Soft embeddings show high representation fidelity, stable gradients versus Gumbel-Softmax or REINFORCE, and robust plug-and-play compatibility with teacher backbones/tokenizers. Empirically, GAN-refined Soft-Di[M]O sets new state-of-the-art one-step FID (1.56) on ImageNet-256, and reward-tuned models consistently surpass multi-step masked diffusion teachers in prompt adherence and aesthetic metrics. TTEO further enhances text-to-image prompt alignment without training-time overhead (Zhu et al., 26 Sep 2025).

6. Comparative Performance and Practical Considerations

A comparative summary of prominent latent-free one-step methods is provided below.

Method	FID (CIFAR-10, 1-step)	FID (ImageNet-256, 1-step)	Latent-Free	GAN-Based	Train Time
GDD-I (Zheng et al., 2024)	1.54	1.16 (64×64)	Yes	Yes	6 hr / 8×A100
pMF-H/16 (Lu et al., 29 Jan 2026)	–	2.22	Yes	No	360 epochs
SIM (Luo et al., 2024)	2.06	–	Yes	No	100k iters
YOSO (Luo et al., 2024)	3.82	–	Yes	Yes	61M param
SCFlow (Dao et al., 2024)	8.06 (CelebA-HQ)	22.09 (COCO-1step)	No (latent)	Yes	–
Soft-Di[M]O (Zhu et al., 26 Sep 2025)	–	1.56 (w/GAN)	Yes (discrete)	Yes	–

GDD-I and pMF lead on continuous pixel space; Soft-Di[M]O dominates in discrete image/token models, primarily due to its gradient-friendly soft embedding design.
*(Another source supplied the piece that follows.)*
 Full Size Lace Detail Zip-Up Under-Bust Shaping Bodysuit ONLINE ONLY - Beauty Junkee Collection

Methods leveraging adversarial loss (GDD, YOSO, SCFlow, Soft-Di[M]O) consistently report sharper outputs and lower FID in the one-step regime.

Notable trade-offs include model size (pMF relies on large transformer backbones), training sample efficiency (e.g., GDD-I achieves SOTA with only 5M images), latent-space vs. pixel-space operation (SCFlow’s VAE bottleneck may limit ultimate fidelity), and flexibility for reward-based or post-hoc fine-tuning (unique to Soft-Di[M]O due to soft embeddings).
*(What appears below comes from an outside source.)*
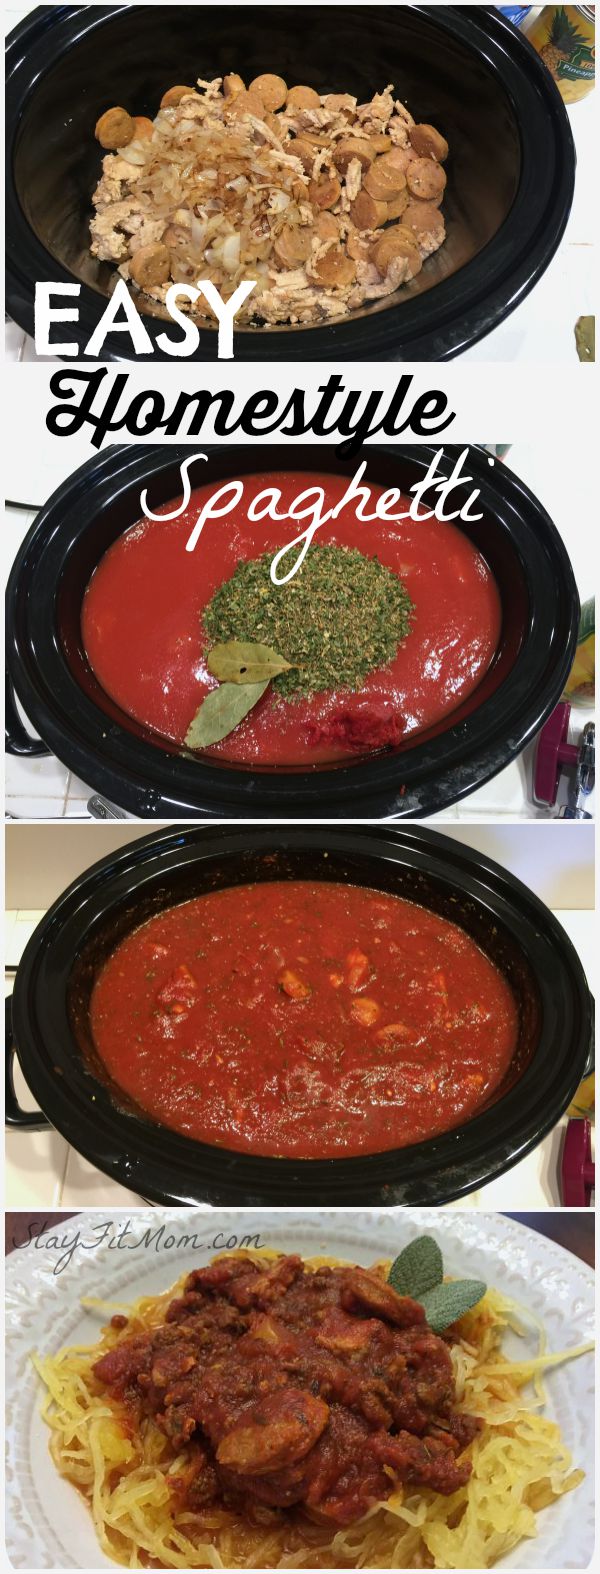 Paleo and Whole 30 compliant. You will never by spaghetti again!

7. Limitations, Open Challenges, and Prospective Directions

The remaining limitations of current one-step, latent-free generators include:

Large backbone requirements (pMF, Soft-Di[M]O) that raise computational and parameter costs, potentially limiting mobile or edge deployment (Lu et al., 29 Jan 2026).
Occasional failures in fine detail rendering, especially for hands, faces, and high-resolution textures (noted for SIM and YOSO) (Luo et al., 2024, Luo et al., 2024).
Challenges in scaling to ultra-high resolutions, video, and other modalities where the low-dimensional manifold assumption may not fully hold (Lu et al., 29 Jan 2026, Dao et al., 2024).
For methods operating in discrete or latent spaces, ultimate fidelity is sometimes bounded by VAE or tokenizer capacity, necessitating further improvements or hybridization with pixel-space approaches (Dao et al., 2024, Zhu et al., 26 Sep 2025).

Potential research avenues include model size distillation for lightweight deployment, hybrid architectures combining one-step mapping with 2–3 step correctors, application to non-image modalities, and refined tokenization for discrete generative methods.

In conclusion, one-step latent-free image generation constitutes an emerging set of methodologies that have closed the performance gap with multi-step diffusion, matching or surpassing prior art in both continuous and discrete domains, while dramatically reducing sampling cost and unlocking new flexibility in train-time and inference refinements (Zheng et al., 2024, Lu et al., 29 Jan 2026, Luo et al., 2024, Luo et al., 2024, Dao et al., 2024, Zhu et al., 26 Sep 2025).